» **What the task asks**
Repeat only the stretch of lines below that runs from the line with "Captura de pantalla" through the line with "Amawill 80th Birthday", unaltered.

» **Material provided**
_ _ _ _
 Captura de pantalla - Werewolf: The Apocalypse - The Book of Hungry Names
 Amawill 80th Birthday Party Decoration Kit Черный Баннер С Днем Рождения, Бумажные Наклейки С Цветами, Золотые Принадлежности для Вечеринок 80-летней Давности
_ _ _ _
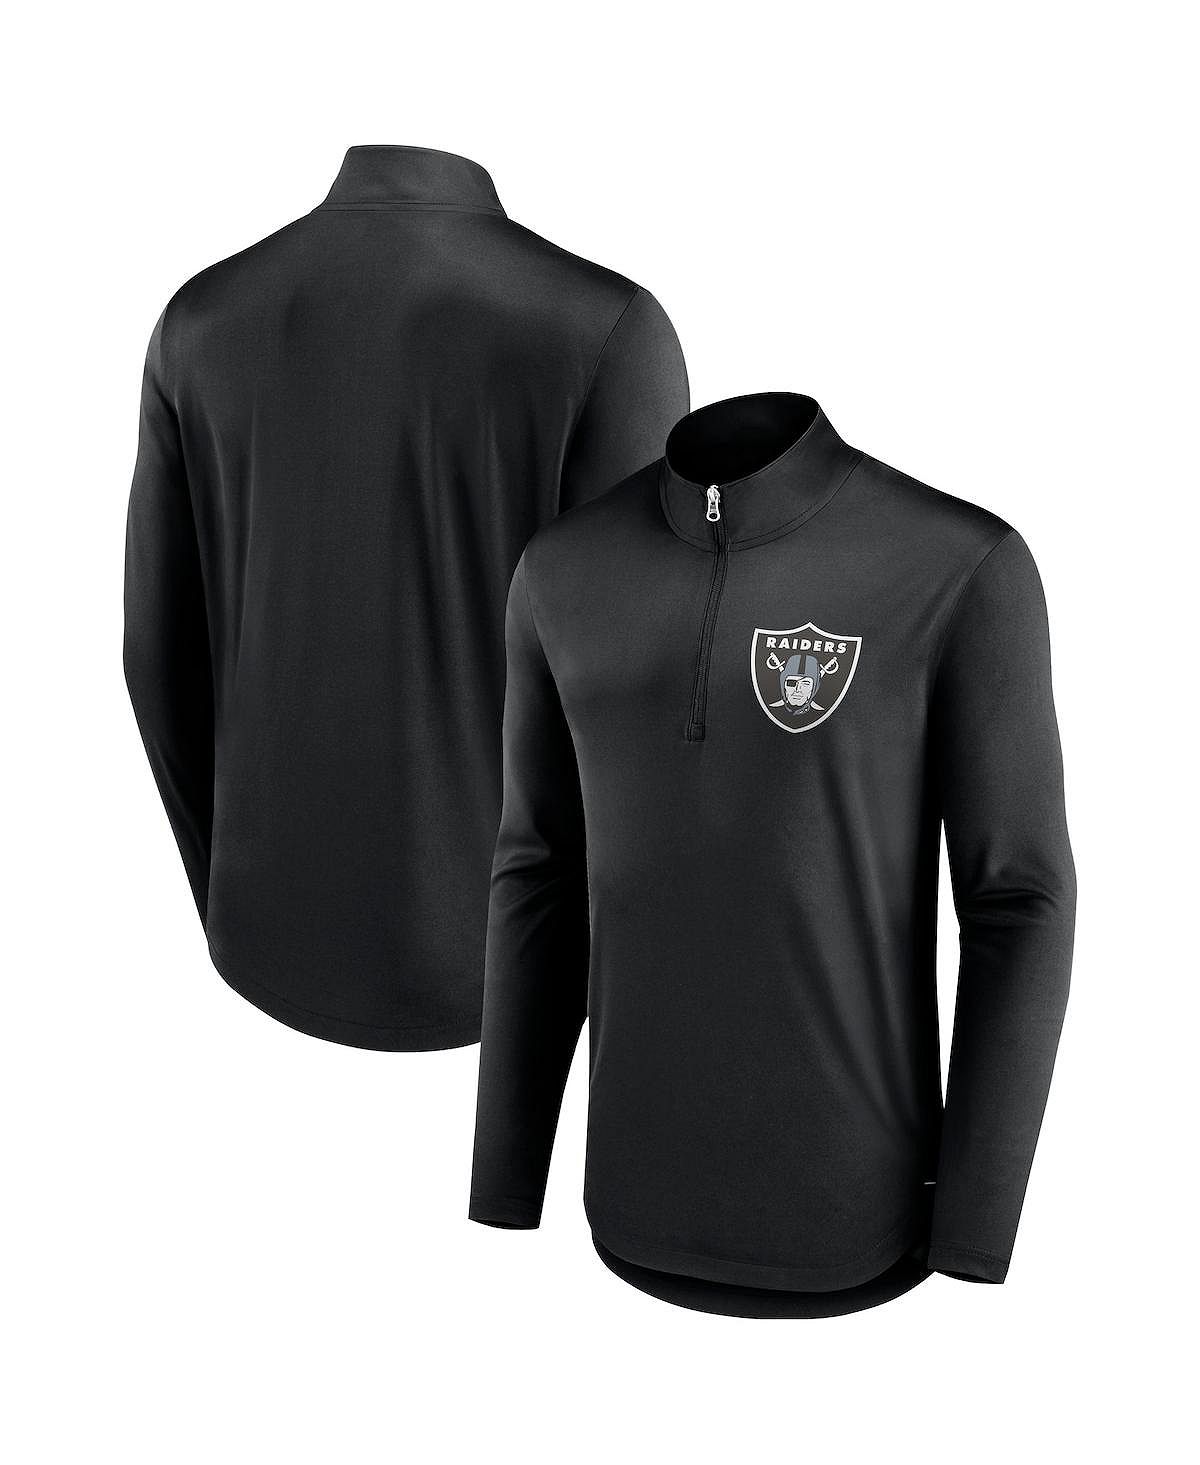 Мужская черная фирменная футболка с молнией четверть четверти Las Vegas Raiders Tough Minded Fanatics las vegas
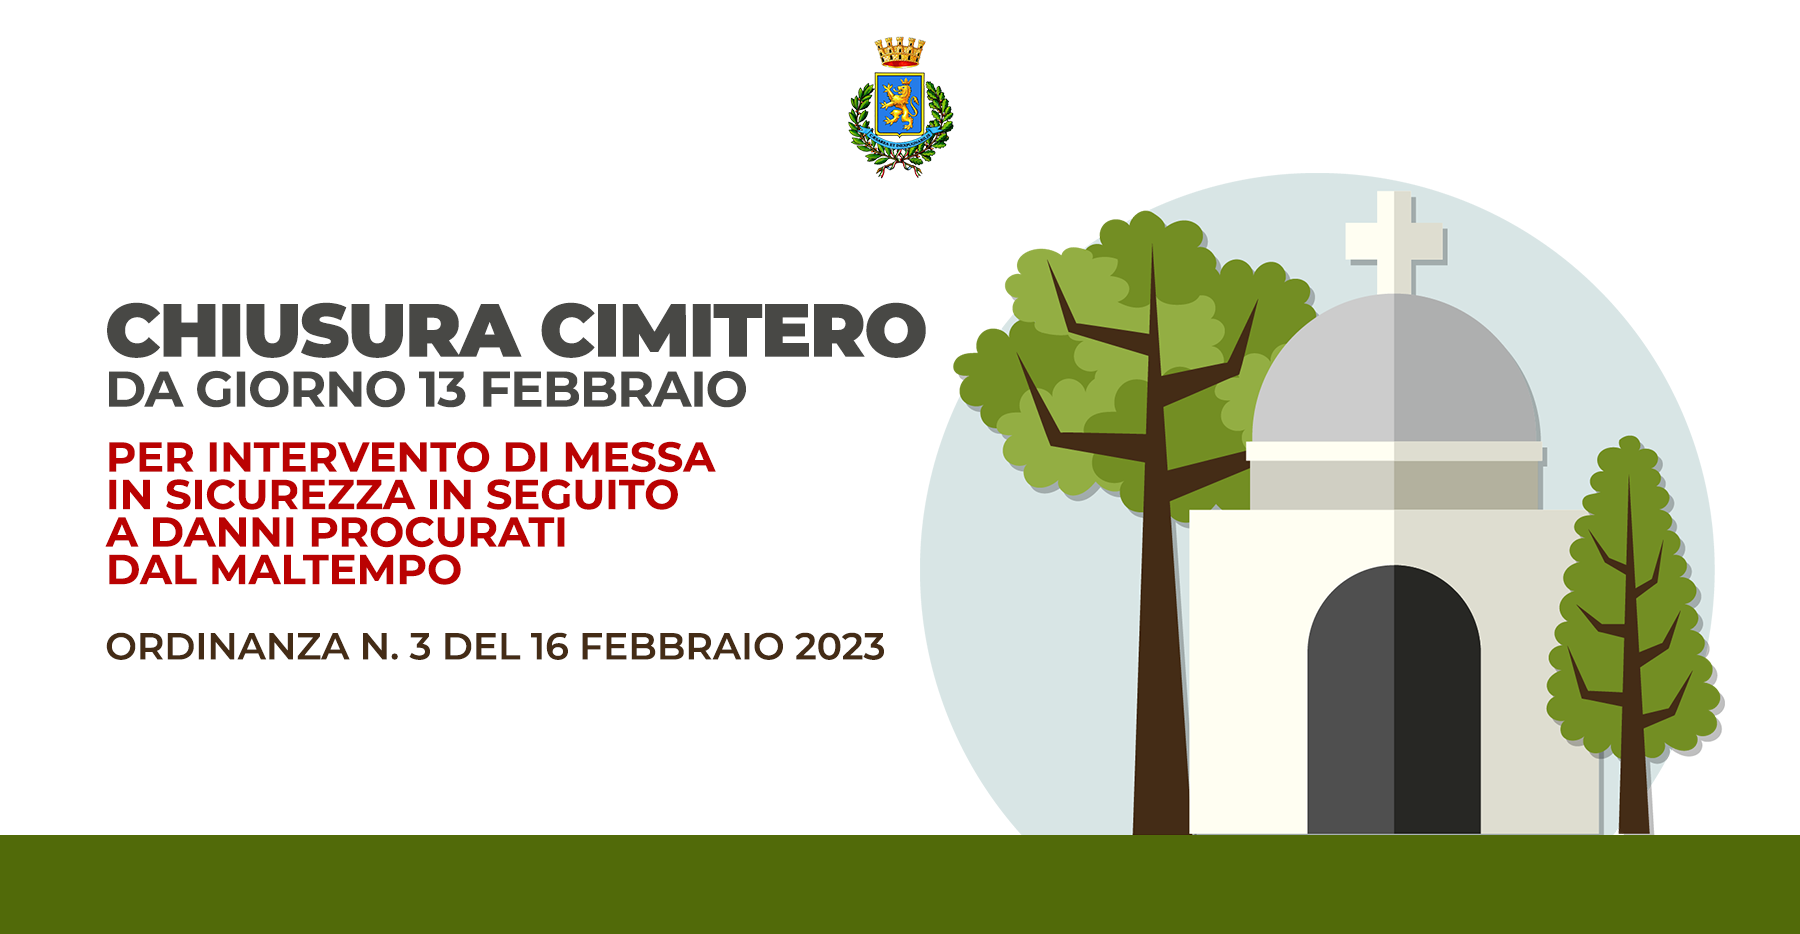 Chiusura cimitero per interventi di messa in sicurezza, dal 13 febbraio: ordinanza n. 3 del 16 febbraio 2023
_ _ _ _
» **Exercise output**
 Captura de pantalla - Werewolf: The Apocalypse - The Book of Hungry Names
 Amawill 80th Birthday Party Decoration Kit Черный Баннер С Днем Рождения, Бумажные Наклейки С Цветами, Золотые Принадлежности для Вечеринок 80-летней Давности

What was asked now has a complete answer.